Il est 17h44. On savait que la route allait être longue jusqu’au Minnesota, mais pas à ce point. On avait tout juste assez d’argent pour expédier nos meubles de Boston jusque là bas. La route était fluide, les arbres défilaient à toute vitesse sur un superbe couché de soleil avec ses couleurs chaudes… Aleksey préfère dormir sur la banquette arrière plutôt que de m’aider à trouver un itinéraire plus court… Ou un itinéraire au moins. Aleksey c’est mon premier petit frère. C’est un branleur mais il sait qu’il peut être une tête si il en a envie. Heureusement que Anton est là, il est devant à m’épauler comme d’habitude avec son siège spécial et sa carte de la route. Anton c’est le dernier de la famille. Aleksey et moi on le surnomme « Vojd » qui veut dire « Guide » en russe… Ça semble plutôt approprié dans ce genre de situation hein ? On était encore à un jour de route avant d’arriver à Lakeville dans le compté du Dakota. Le voyage était plutôt silencieux mis à part les ronflements incessants de Aleksey.

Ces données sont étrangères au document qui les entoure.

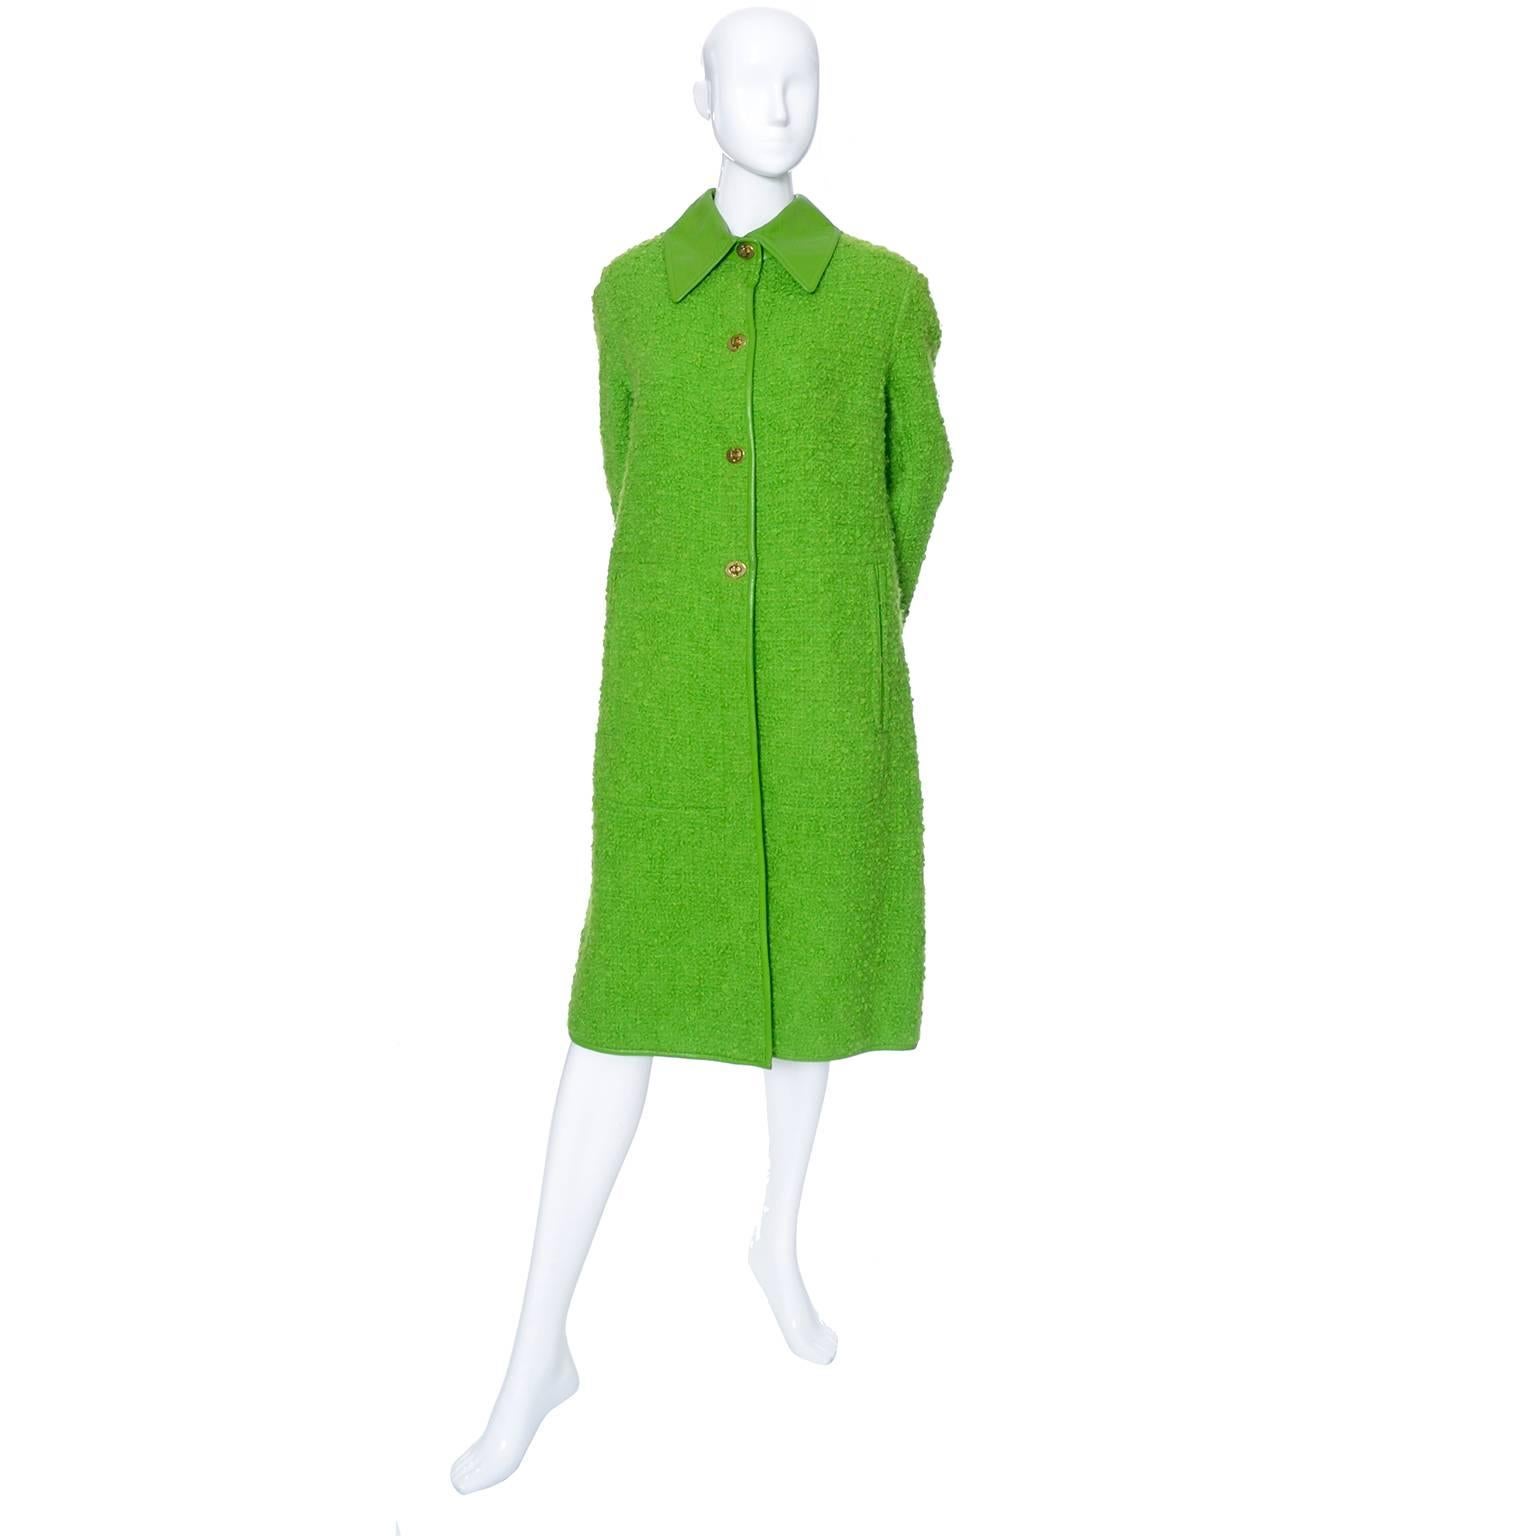 I love this late 1960's or early 1970's vintage Bonnie Cashin curly lime green boucle' Sills Coat. This fabulous coat has Cashin's signature toggle closures, a back slit, and side slit pockets. The coat has green leather trim that matches the
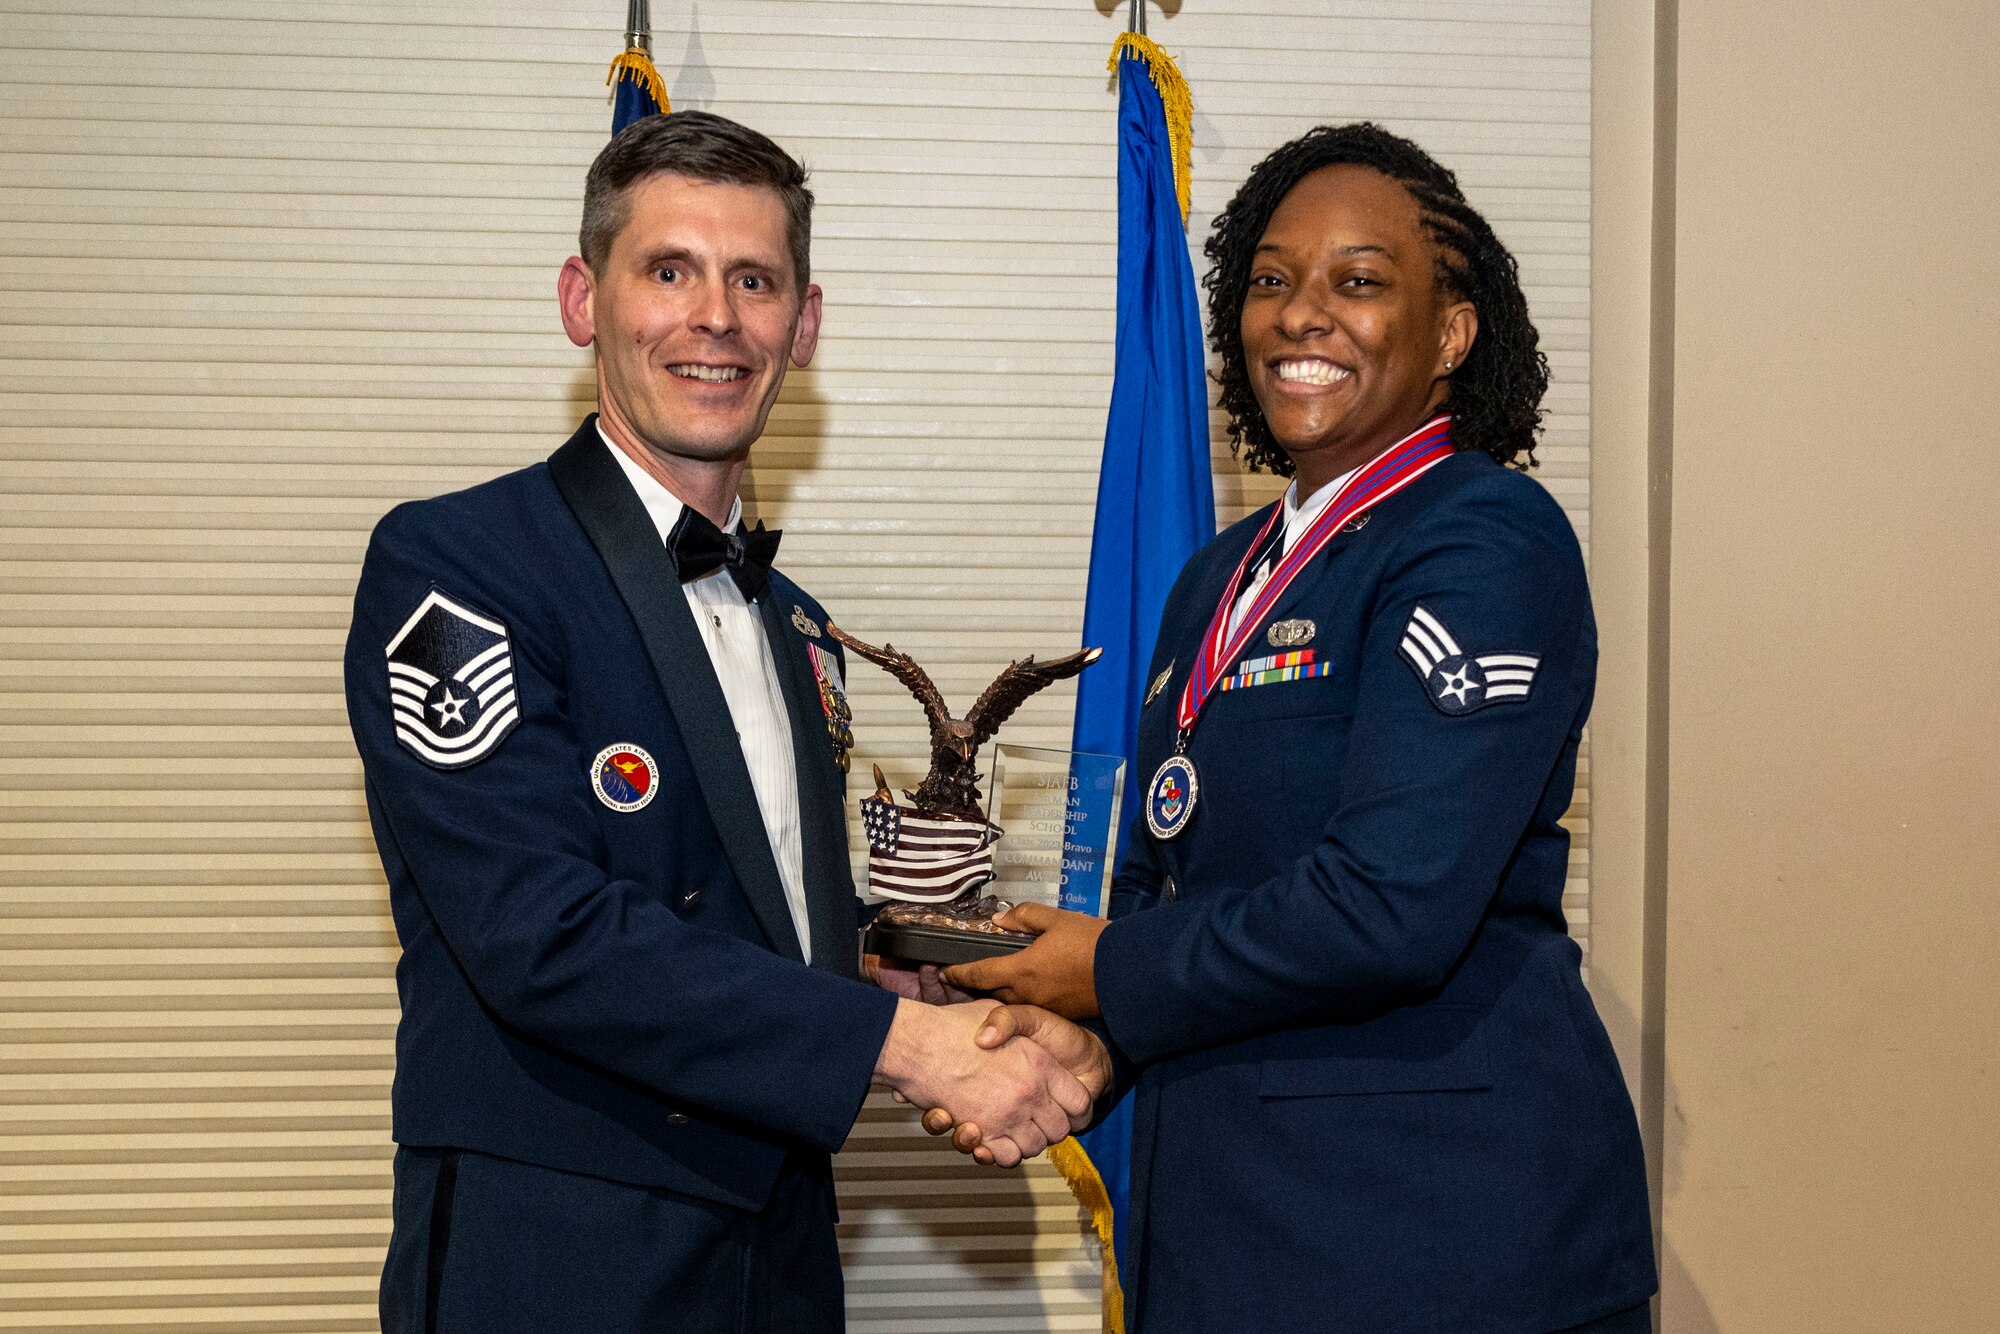 Senior Airman Shartavia Oaks, 4th Security Forces Squadron investigator, right, receives the commandant’s award from Master Sergeant Brandin Wendt, Airman Leadership School commandant, during ALS class 23-B graduation ceremony at Seymour Johnson Air Force Base, North Carolina, Feb. 9, 2023. The commandant’s award was given to the Airman in an ALS class that possesses the highest degree of character, competence and commitment.

Puis après un petit moment, Anton entame une conversation : « C’est encore loin..? A-il demandé un peu froidement.
- Non ne t’inquiètes pas, Il nous reste moins d’un jour de route.
- Moins d’un jour ?
- Oui oui. Si tu es fatigué tu peux te reposer si tu veux, je peux continuer encore un bout de chemin tout seul.
- Non ça va, je n’aime pas dormir.
- Oui mais si tu veux être d’aplomb, faut savoir faire une pause de temps en temps.
- J’ai dit que c’est bon. »
Ce « C’est bon » de Anton était sec et méprisant… Je pense qu’il m’en veut encore au sujet du déménagement. On a d’abord habité à St. Petersbourg en Russie avec nos parents, puis on a déménagé à Boston dans le Massachusetts pour le travail de notre père. Depuis l’accident de la route où Anton a perdu ses jambes et Anita & Dimitri, ses parents adorés, notre Vojd a perdu toute foi en la vie… Anton était quelqu’un de jovial et enthousiaste. Il adorait la lecture, la musique et le dessin. Mais il s’est arrêté de lire, d’écouter et de dessiner après l’accident. Il tient à garder les deux bocaux de cendres dans sa chambre, celui de maman à gauche parce qu’elle était gauchère et celui de papa à droite parce qu’il était droitier. Le jour de leurs funérailles, Aleksey avait pleuré comme une fontaine… Il pense que pleurer « c’est pour les gonzesses », il y a encore de la marge avant qu’il devienne un adulte.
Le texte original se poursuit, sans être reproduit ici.